## Assignment:
The entries below contain a line with "γ-shape Stirling Engine" and a line with "Free photo: Corn field, Crops, Field". Retype exactly everything from the first down to the second, both included, and nothing else.
Segment Start: Data to examine
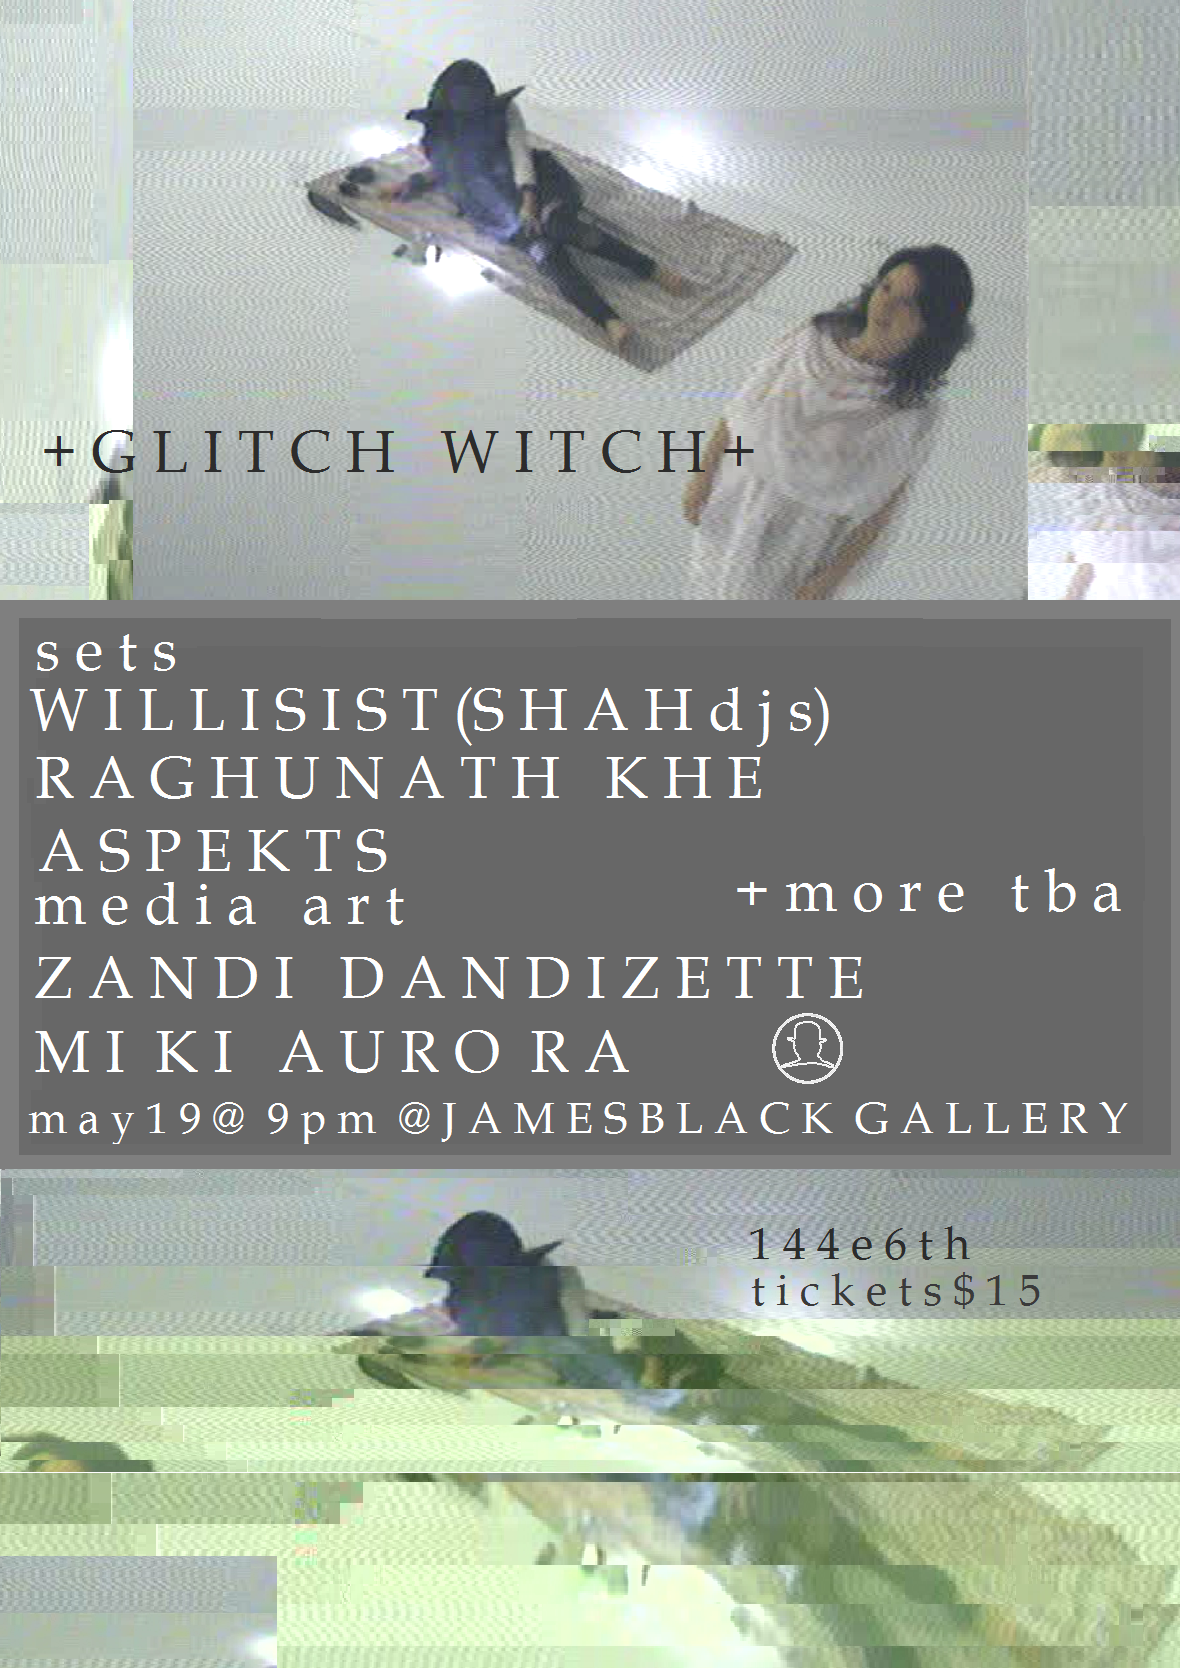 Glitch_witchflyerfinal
Segment End: Data to examine
Segment Start: Data to examine
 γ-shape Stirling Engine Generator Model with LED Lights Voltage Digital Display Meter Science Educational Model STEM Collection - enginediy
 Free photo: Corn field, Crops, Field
Segment End: Data to examine
Segment Start: Data to examine
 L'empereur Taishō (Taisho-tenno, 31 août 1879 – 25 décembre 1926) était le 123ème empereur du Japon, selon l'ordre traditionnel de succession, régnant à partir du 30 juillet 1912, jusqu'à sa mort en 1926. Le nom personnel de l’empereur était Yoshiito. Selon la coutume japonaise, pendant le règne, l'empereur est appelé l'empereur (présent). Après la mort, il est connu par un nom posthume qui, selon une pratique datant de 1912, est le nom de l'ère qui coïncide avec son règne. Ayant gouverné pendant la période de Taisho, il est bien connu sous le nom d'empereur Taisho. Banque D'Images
Segment End: Data to examine
## The completed task:
 γ-shape Stirling Engine Generator Model with LED Lights Voltage Digital Display Meter Science Educational Model STEM Collection - enginediy
 Free photo: Corn field, Crops, Field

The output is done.